Im deutschen Straf- und Deliktsrecht steht die Zurechnung in engem Zusammenhang mit dem Begriff der Kausalität. Grundlage ist die in der deutschen Rechtsordnung herrschende Vorstellung von der Willens- und Handlungsfreiheit, die es ermöglicht, Menschen für ihr Tun und die daraus resultierenden Folgen verantwortlich zu machen. Die Neurojurisprudenz stellt diesen Zusammenhang in Frage.

Strafrecht[Bearbeiten | Quelltext bearbeiten]

Zu unterscheiden ist die Zurechnung einer Handlung (imputatio facti) von der Zurechnung von Schuld (imputatio iuris). Nicht zugerechnet werden demnach Handlungen, die im Zustand der Schuldunfähigkeit begangen werden (§ 20 StGB).

Hat die Person den Zustand der Schuldunfähigkeit jedoch schuldhaft herbeigeführt, schließt das die Zurechnung nicht aus, etwa nach den Regeln über die actio libera in causa. Entsprechendes gilt für das vorwerfbare Unterlassen einer Handlung (omissio libera in causa).

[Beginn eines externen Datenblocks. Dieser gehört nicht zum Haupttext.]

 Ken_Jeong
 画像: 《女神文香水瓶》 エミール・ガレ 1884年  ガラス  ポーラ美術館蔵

Sonderfälle der direkten Zurechnung sind die mittelbare Täterschaft und die Mittäterschaft (§ 25 StGB), die die Zurechnung und damit die Bestrafung als Täter nicht ausschließen, obwohl auch andere Personen am Eintritt eines relevanten Erfolgs beteiligt sind. Entscheidend ist, dass sowohl der mittelbare Täter als auch der Mittäter die für die Verwirklichung des Erfolgs relevante Erstursache (mit-)gesetzt haben.

Anstiftung (§ 26 StGB) und Beihilfe (§ 27 StGB) sind Formen der indirekten Zurechnung, da die jeweiligen Tatbeiträge zeitlich vor der letzten, unmittelbar ursächlichen Handlung des Täters liegen. Anstifter und Gehilfe nehmen jedoch in den ihnen eigenen Rollen durch Aufforderung bzw. Unterstützung des Täters an der Verwirklichung des Tatgeschehens teil.

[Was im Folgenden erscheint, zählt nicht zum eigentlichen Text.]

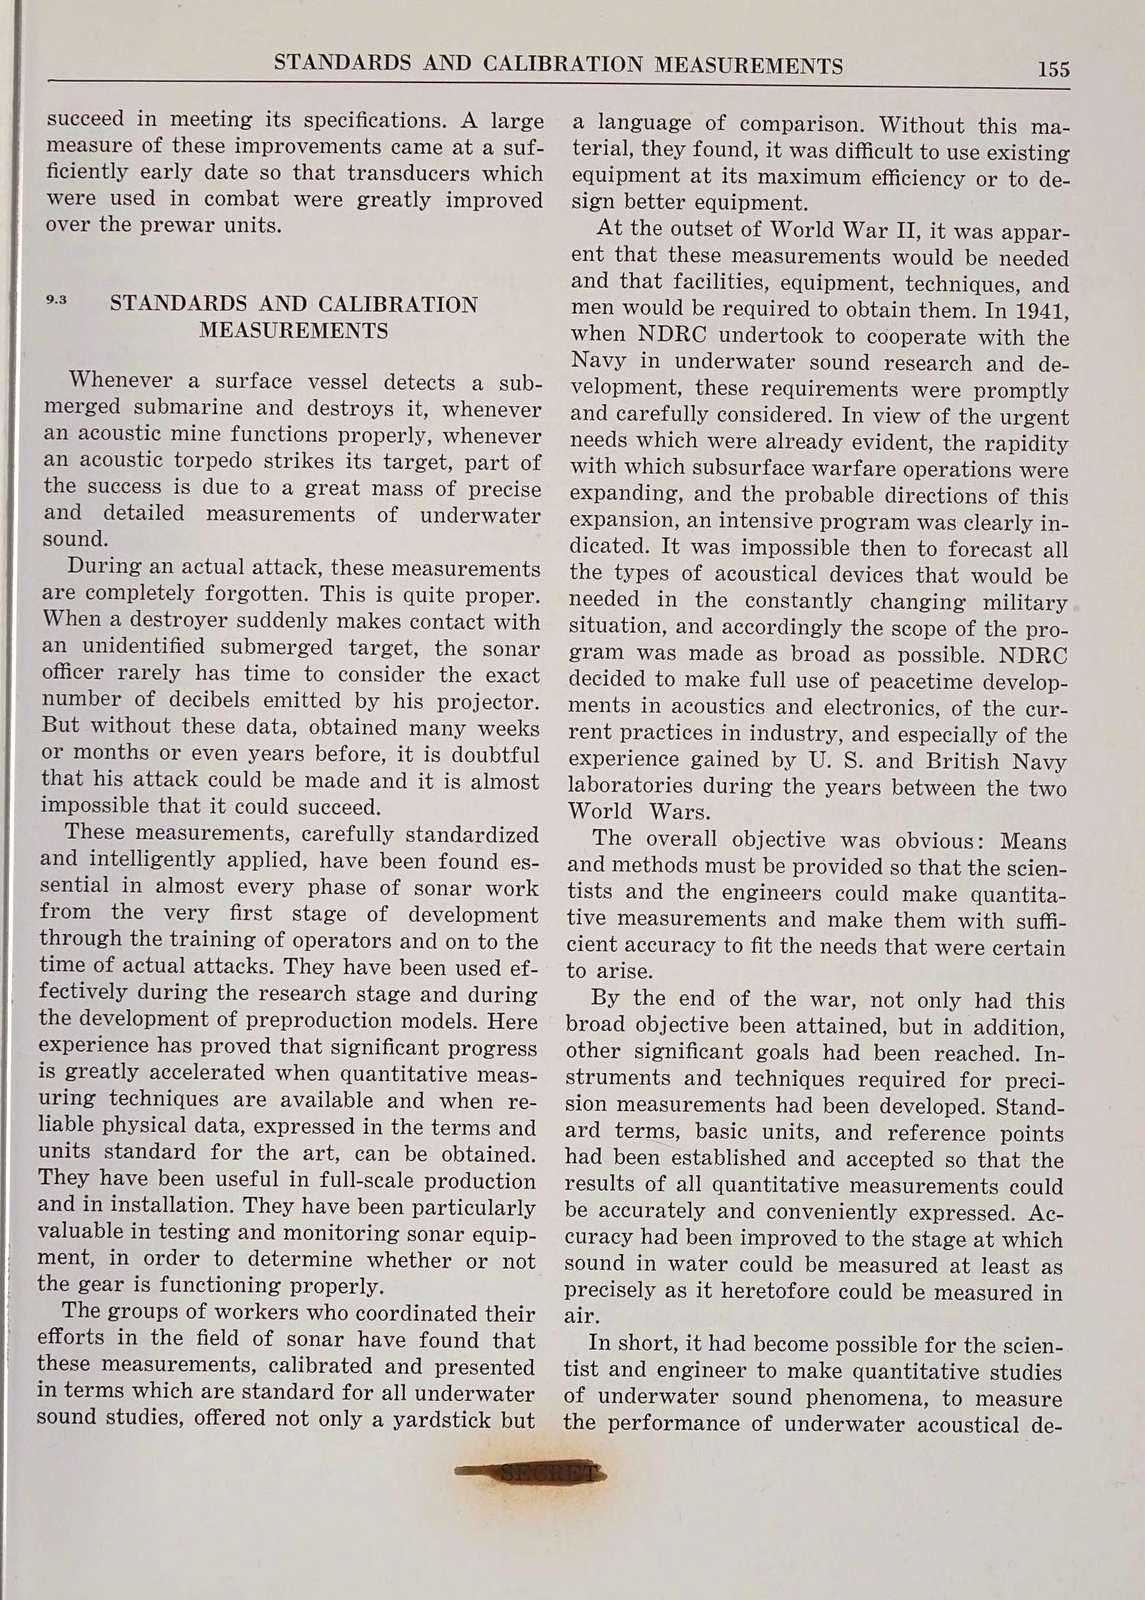 A survey of subsurface warfare in World War II

Die Lehre von der objektiven Zurechnung untersucht, ob sich im Einzelfall eine vom Täter geschaffene rechtlich missbilligte Gefahr im tatbestandlichen Erfolg realisiert hat.

Zivilrecht[Bearbeiten | Quelltext bearbeiten]

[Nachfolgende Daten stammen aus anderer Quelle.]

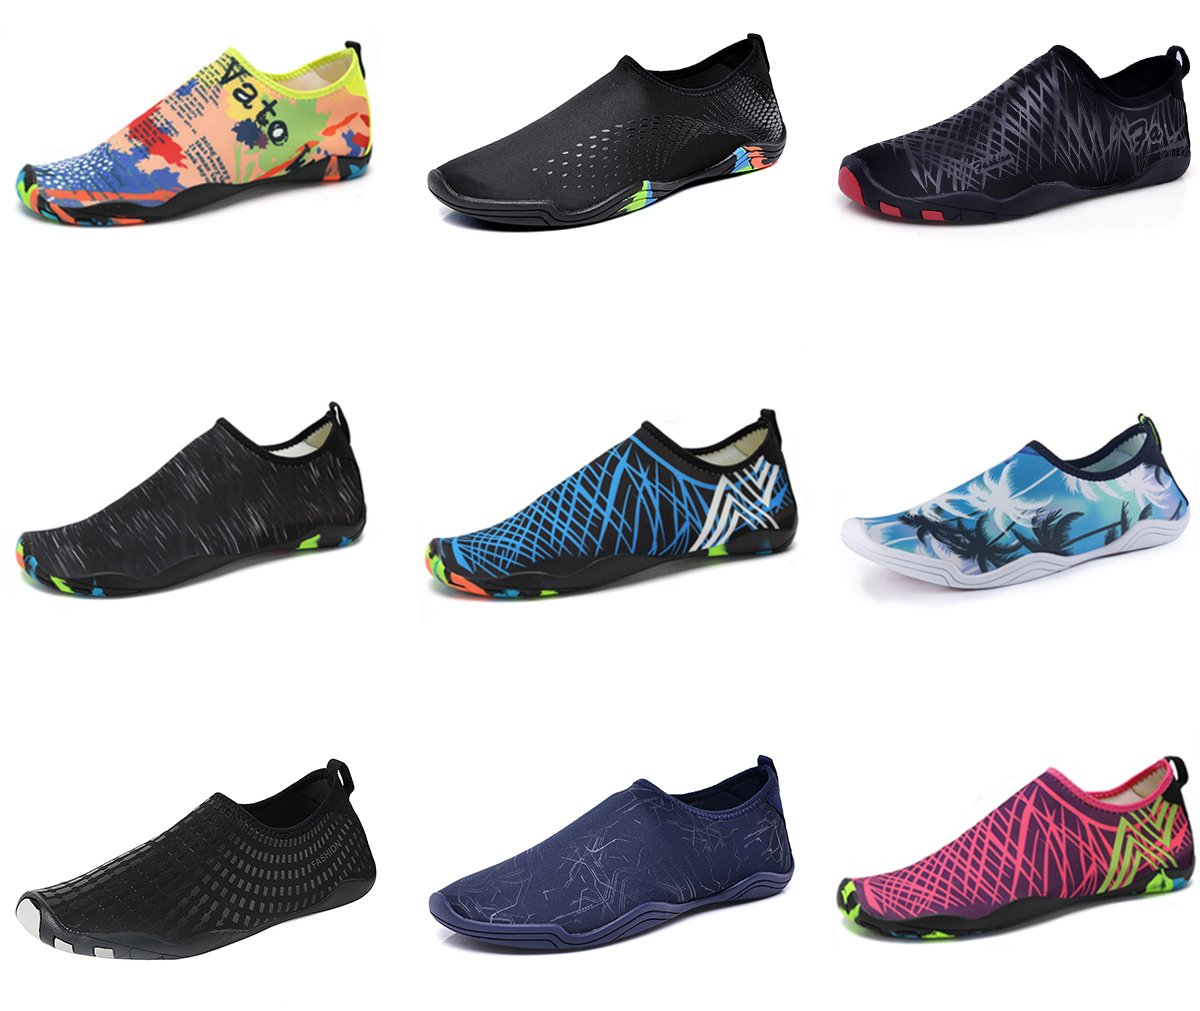 Water Shoes Mens Womens Beach Swim Shoes Quick-Dry Aqua Socks Pool Shoes for Surf Yoga Water Aerobics (Purple, 38 )

Rechtsgeschäftslehre[Bearbeiten | Quelltext bearbeiten]

Dauerhafte Geschäftsunfähigkeit schließt die Abgabe (Zurechnung) wirksamer Willenserklärungen aus (§ 104 Nr. 2, § 105 BGB), da Geschäftsunfähige in ihrer Willensbildung und Willensbetätigung nicht frei sind.

Zweck der Stellvertretung ist es hingegen, Willenserklärungen des Vertreters gerade dem Vertretenen zuzurechnen, um den eigenen Geschäftskreis zu erweitern (§ 164 Abs. 1 Satz 1 BGB). Ähnliche Funktion hat der Handelsvertreter.[2] Zugerechnet wird außerdem das Handeln von Boten und Organen.[3]

Haftungsrecht[Bearbeiten | Quelltext bearbeiten]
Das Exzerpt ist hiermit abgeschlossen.